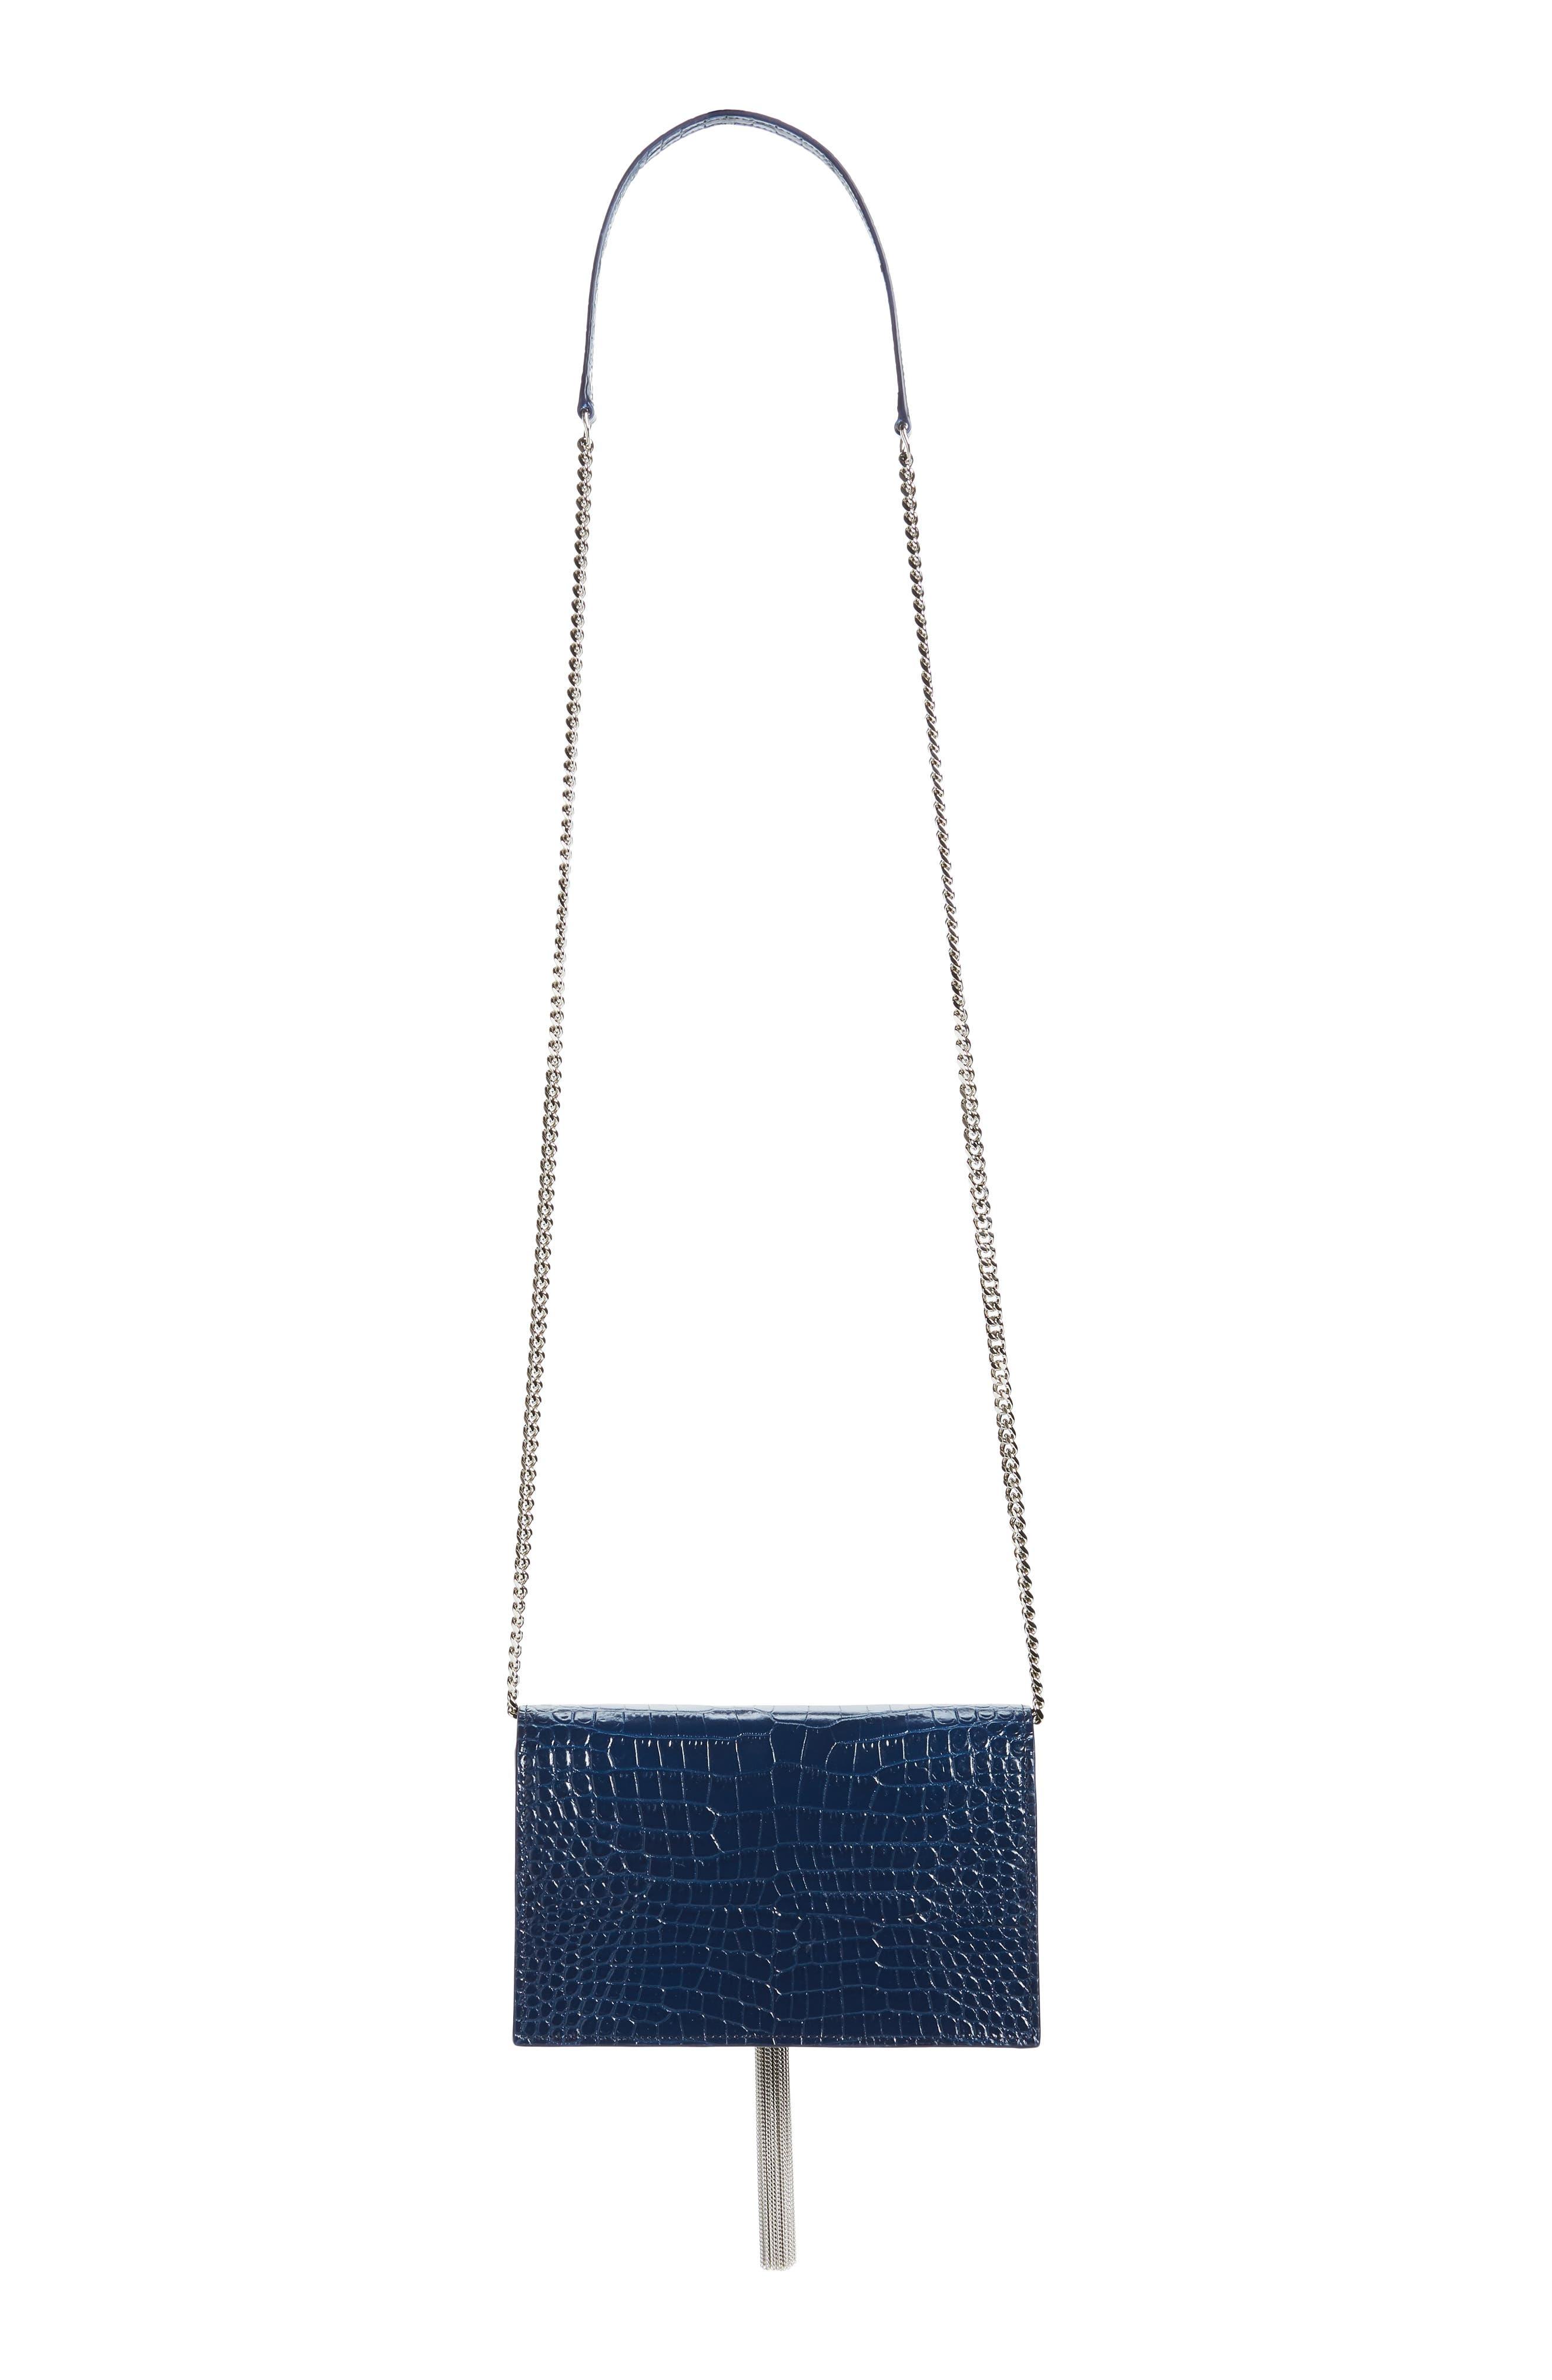 SAINT LAURENT, Kate Croc Embossed Leather Wallet on a Chain, Alternate thumbnail 4, color, DENIM BLUE/ DENIM BLUE
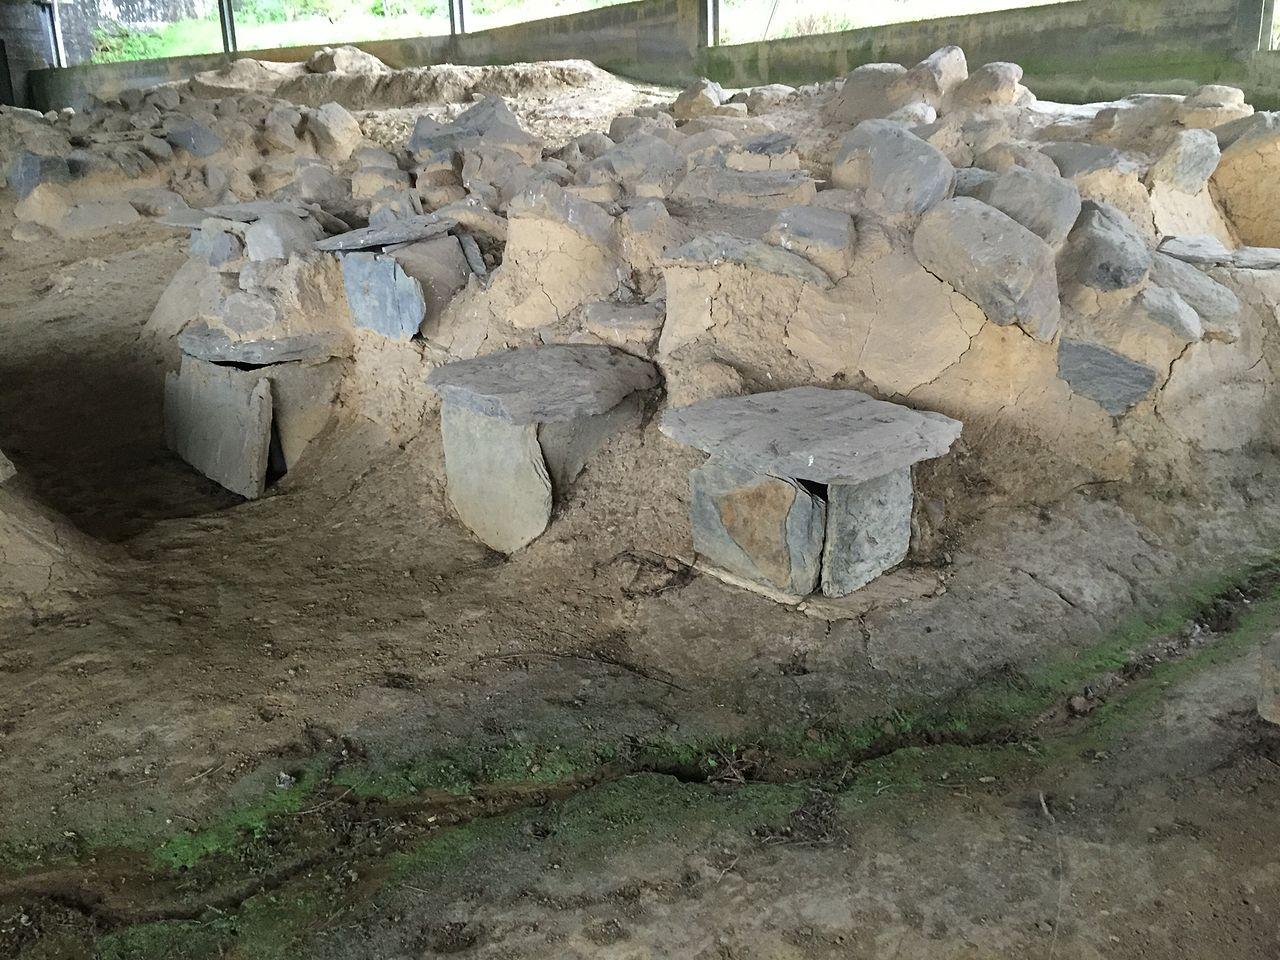 Necropoli preromana di Ameglia-Cafaggio (necropoli, area ad uso funerario) - Ameglia (SP)  (Epoca preromana)
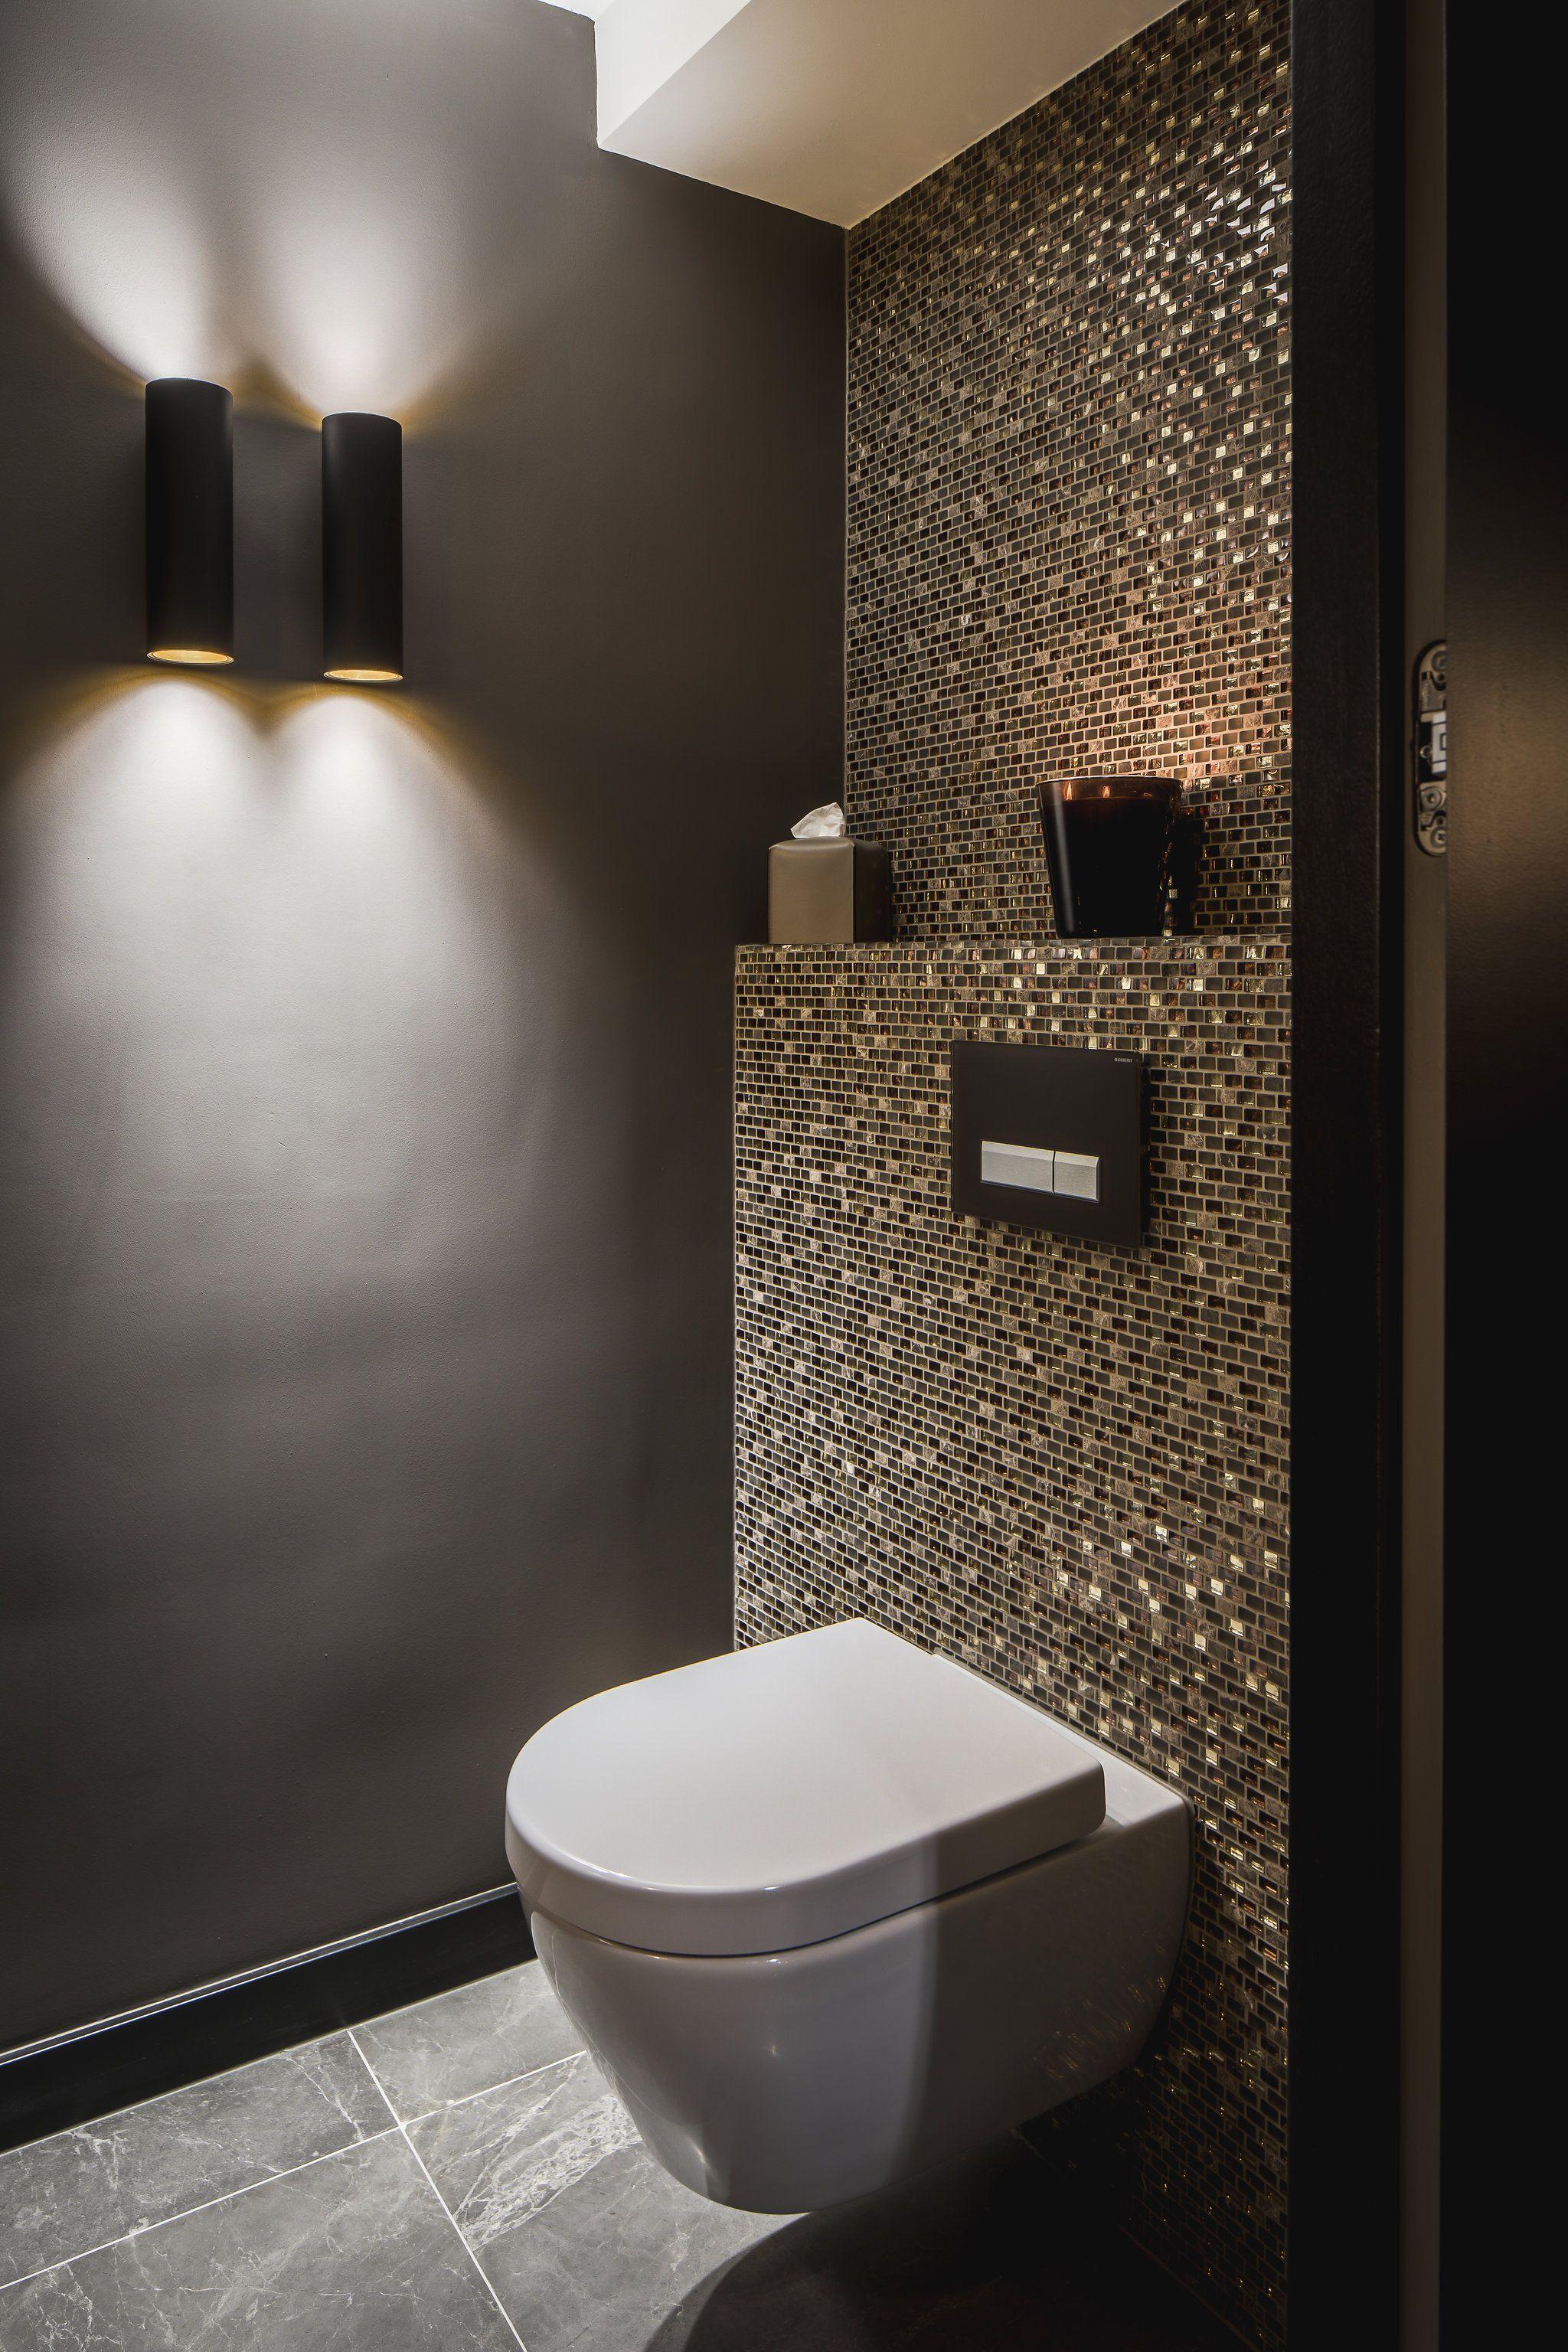 Idee Gäste WC Mosaik Glimmer dunkle Wände Schimmer Glas Gold

▬▬▬▬▬▬

- _To do_
Beginning with the line that contains "Necropoli preromana di" and ending with the final line of the listing, return each line exactly. Omit all pictures.

- _Solution for this problem_
 Necropoli preromana di Ameglia-Cafaggio (necropoli, area ad uso funerario) - Ameglia (SP)  (Epoca preromana)
 Idee Gäste WC Mosaik Glimmer dunkle Wände Schimmer Glas Gold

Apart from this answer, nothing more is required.